The Best 14 Huntin Jokes

Following is our collection of funny Huntin jokes. There are some huntin tarnation jokes no one knows (to tell your friends) and to make you laugh out loud.

Take your time to read those puns and riddles where you ask a question with answers, or where the setup is the punchline. We hope you will find these huntin nothin puns funny enough to tell and make people laugh.

Top 10 of the Funniest Huntin Jokes and Puns

I like hunting with my vampire friends.

It's nice to crack open a boy with the cold ones.

Hunting gone wrong

Two hunters are out in the woods when one of them collapses. He's not breathing and his eyes are glazed. The other guy whips out his cell phone and calls 911.

I think my friend is dead! he yells. What can I do?

The operator says, Calm down. First, let's make sure he's dead.

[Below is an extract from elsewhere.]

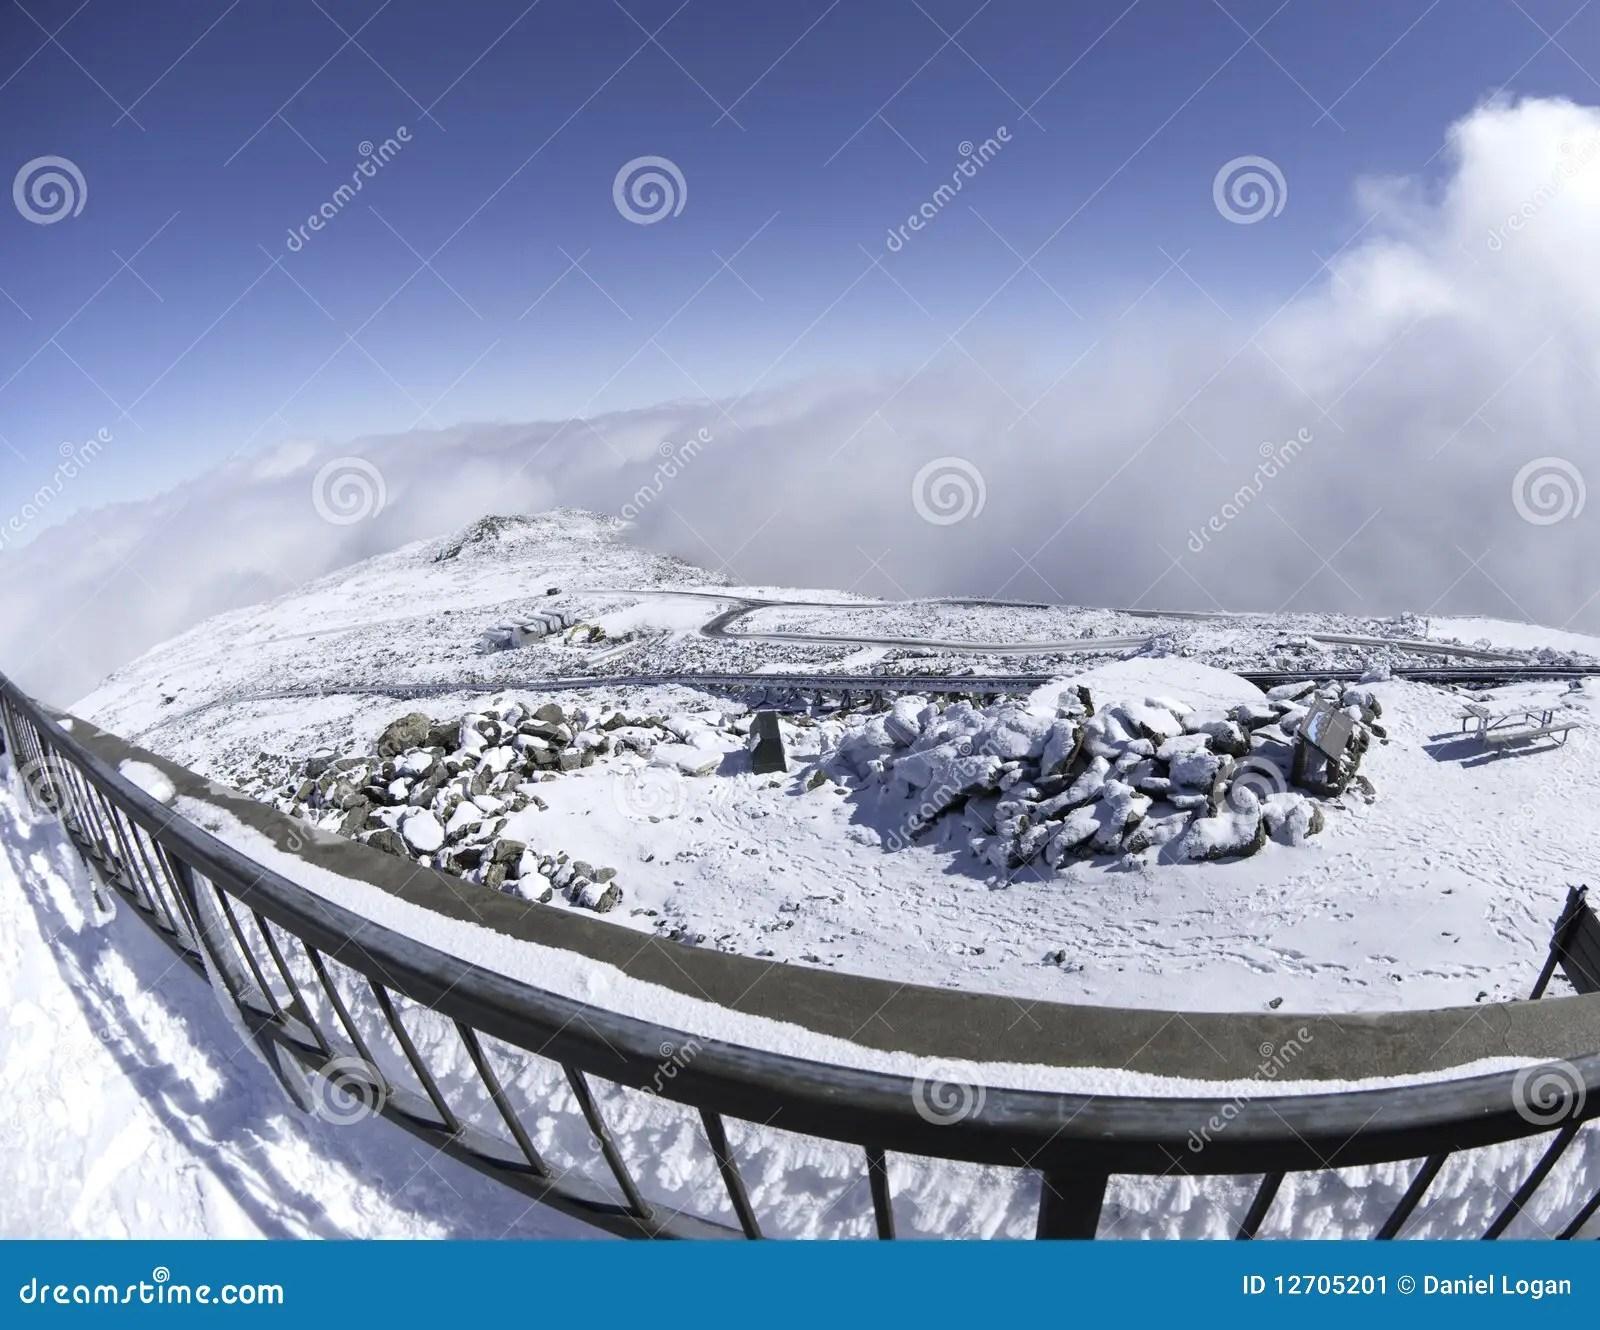 Encroaching Clouds Stock Image  Image 12705201
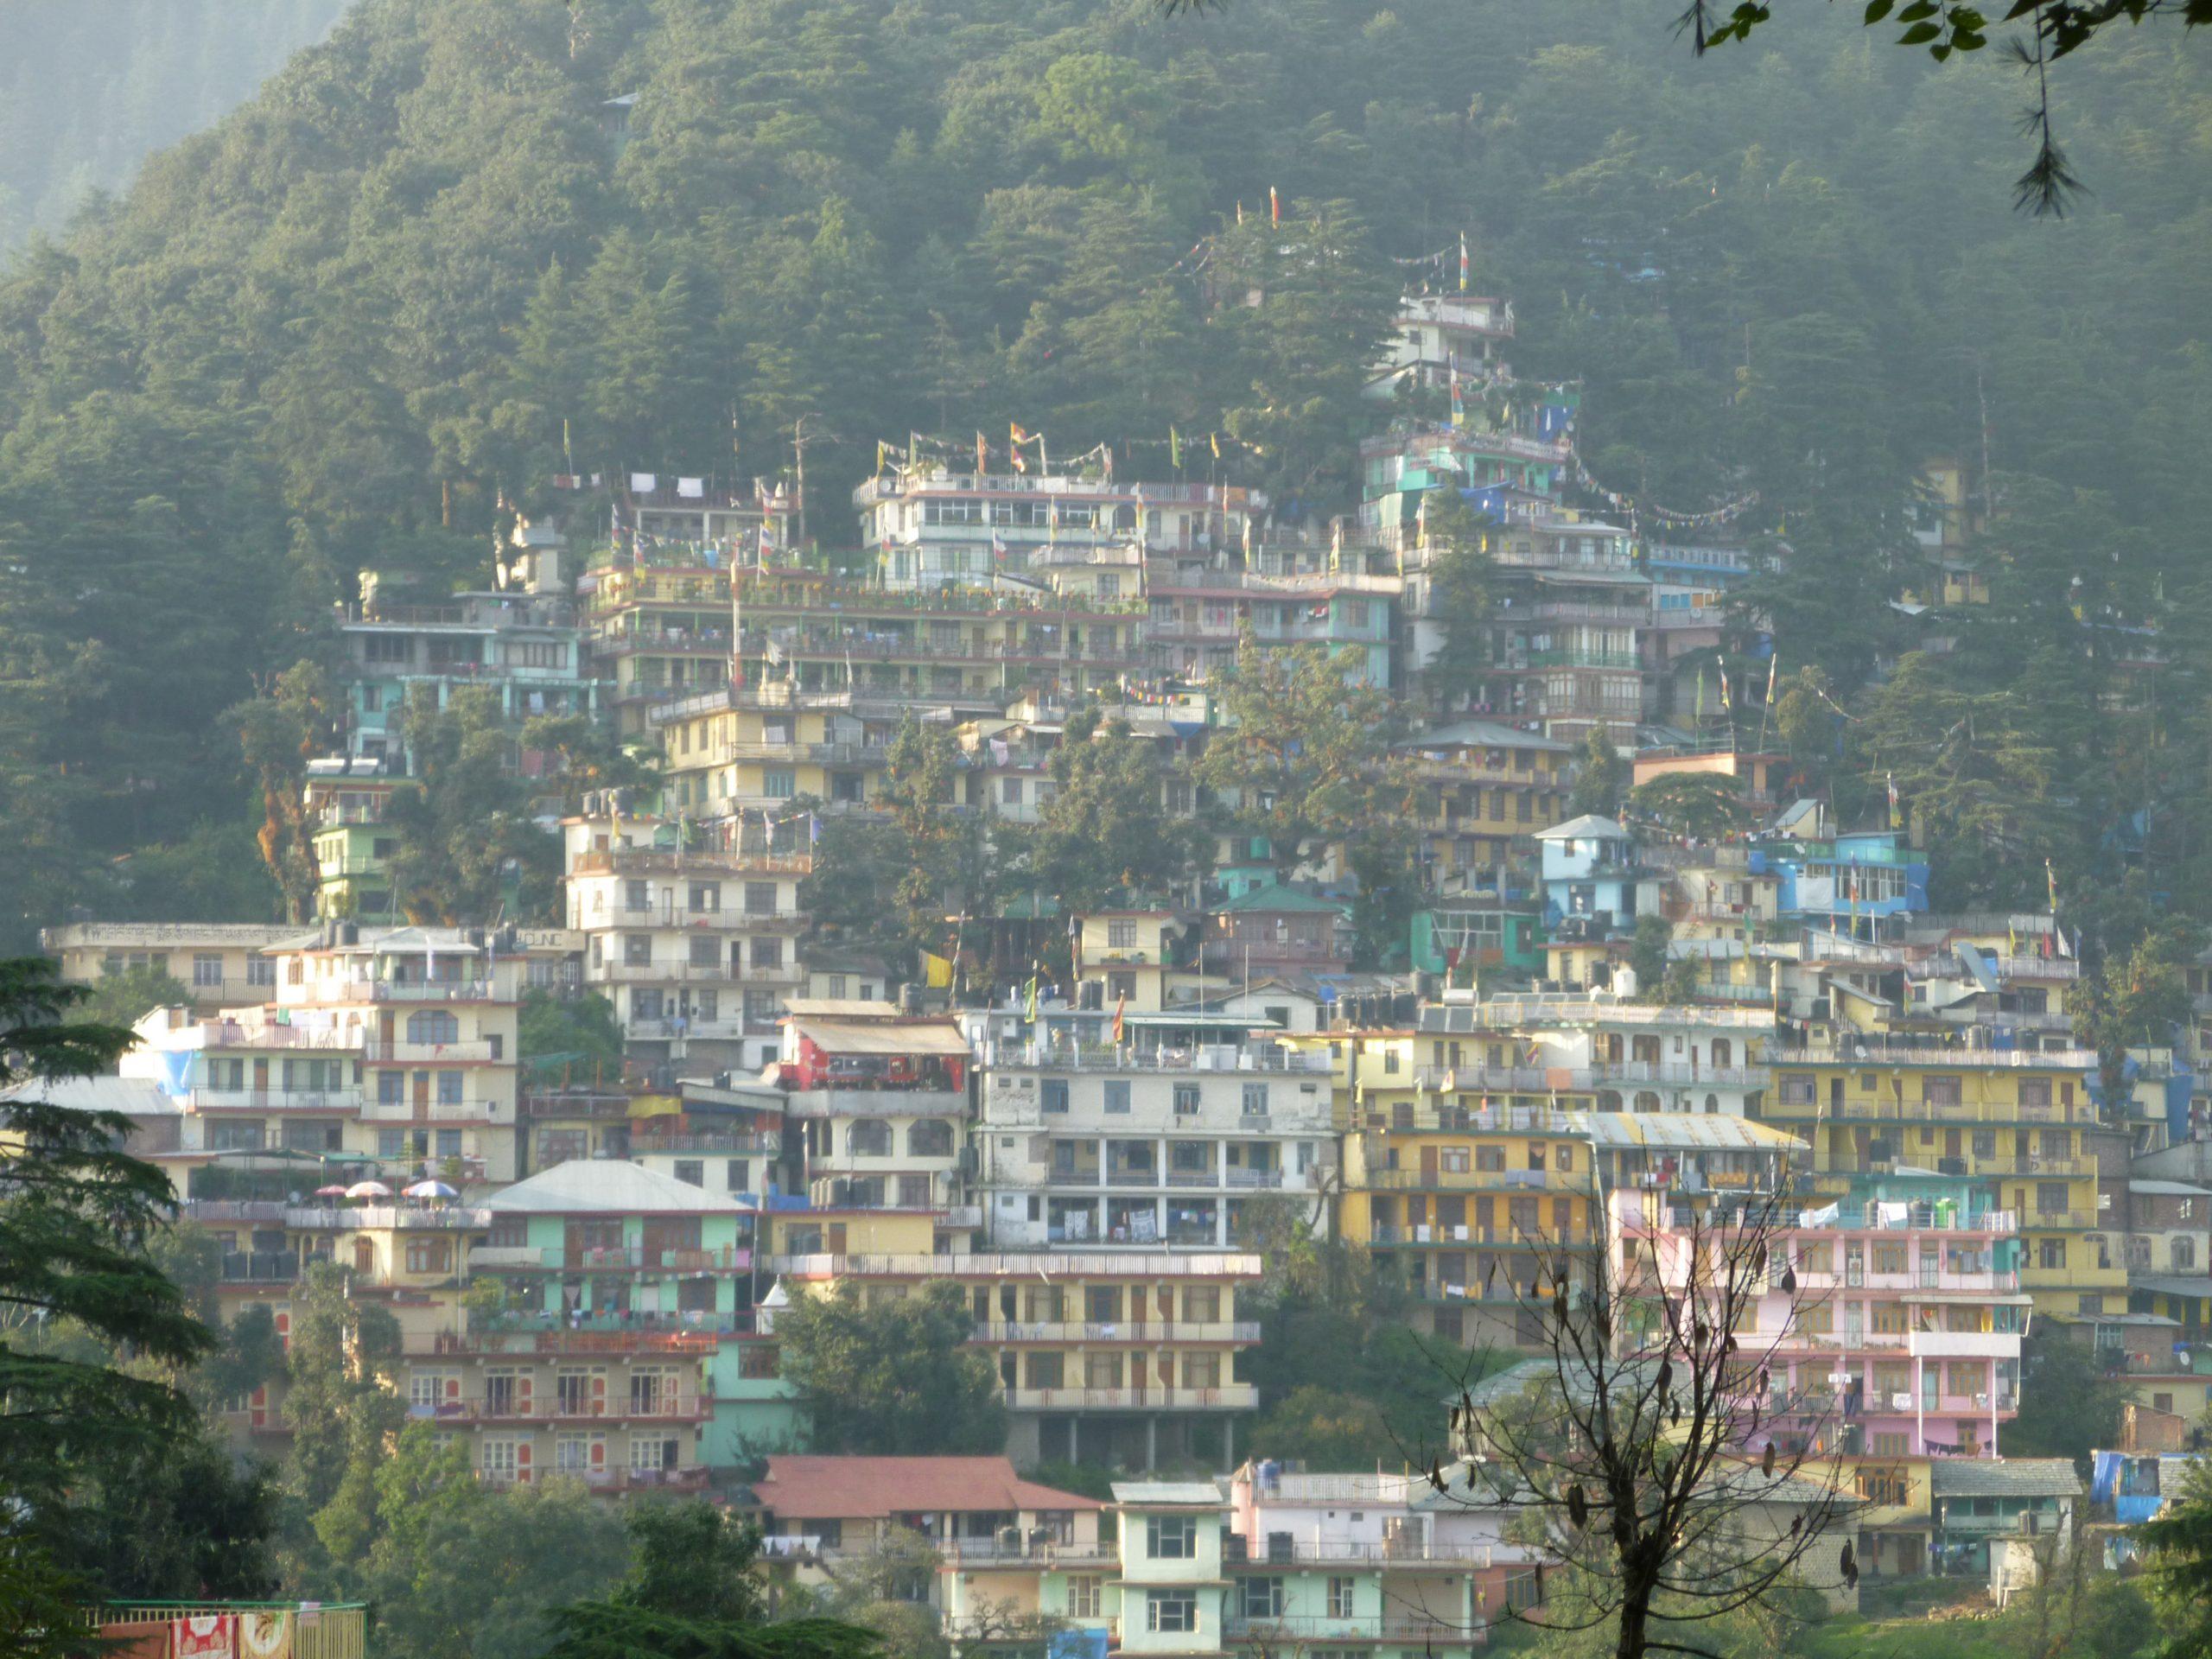 Radreise Ladakh 2012 - Dharamsala - Exil-Home Dalai-Lama

There's a silence, then a shot. Back on the phone, the guy says, OK, now what?

I went hunting with my preacher.

We went hunting in the same spot together. A deer walked out and we both shot at the same time. Upon inspecting the deer, we couldn't find any bullet holes. I said "It must be yours preacher. The bullet was like your sermons. It went in one ear and out the other!"

Huntin joke, I went hunting with my preacher.

I went hunting today and caught a breast

I used a booby trap

Hunting Gone Horribly Wrong

Two hunters are out in the woods when one of them collapses. He's not breathing and his eyes are glazed. The other guy whips out his cell phone and calls 911.

I think my friend is dead! he yells. What can I do?

The operator says, Calm down. First, let's make sure he's dead.

There's a silence, then a shot. Back on the phone, the guy says, OK, now what?


This guy's out hunting with his buddy.

He's got his scope up and says, "Oh my God, I can see your house from here and your wife's cheating on you with another guy!"

His buddy says, "I've had it with her. Shoot her in the head and shoot him in the private parts."

And his buddy replies, "Cool I can hit that with one shot!"

Shazza walks into the kitchen and finds Bruce with a fly swatter.

"Waddaya doin?" She asked. 
"Huntin Flies" He responded. 
"Oh. Kill any?" She asked. 
"Yep, 3 blokes, 2 sheilas," he replied. 
Intrigued, she asked. "How'd ya know that?" 
He responded, "3 were on a beer can, 2 were on the phone."

Huntin joke, Shazza walks into the kitchen and finds Bruce with a fly swatter.

I went hunting with my dad and on the way there we saw a sign

It said "Bear Left" so we went home

We were on our way to go hunting, when we saw a sign that said Bear Left.

So we went home.

Why do women love Hunters the best as lovers?

1.

Hunters have the longest and most powerful rifles.

2. Hunters always....shoot twice.

3. Hunters love to...eat what they shoot!

Hunting cats would bring a disaster. Why?

Because there would be at least a cat as trophy.

You can explore huntin goin reddit one liners, including funnies and gags. Read them and you will understand what jokes are funny? Those of you who have teens can tell them clean huntin hunter dad jokes. There are also huntin puns for kids, 5 year olds, boys and girls.


I was hunting a deer making its mating sound

At least it got penetrated

Went hunting with Willie Nelson and we each got a turkey.

Now that's what I call killing 2 birds with one stoner.

An exhausted hunter out in the woods stumbled across another hunter.



Hunter 1: "Am I glad to see you, I've been lost for three days."

Hunter 2: "Don't get too excited, friend, I've been lost for three weeks."

Just think that there are jokes based on truth that can bring down governments, or jokes which make girl laugh. Many of the huntin killin jokes and puns are jokes supposed to be funny, but some can be offensive. When jokes go too far, are mean or racist, we try to silence them and it will be great if you give us feedback every time when a joke become bullying and inappropriate.

We suggest to use only working huntin jethro piadas for adults and blagues for friends. Some of the dirty witze and dark jokes are funny, but use them with caution in real life. Try to remember funny jokes you've never heard to tell your friends and will make you laugh.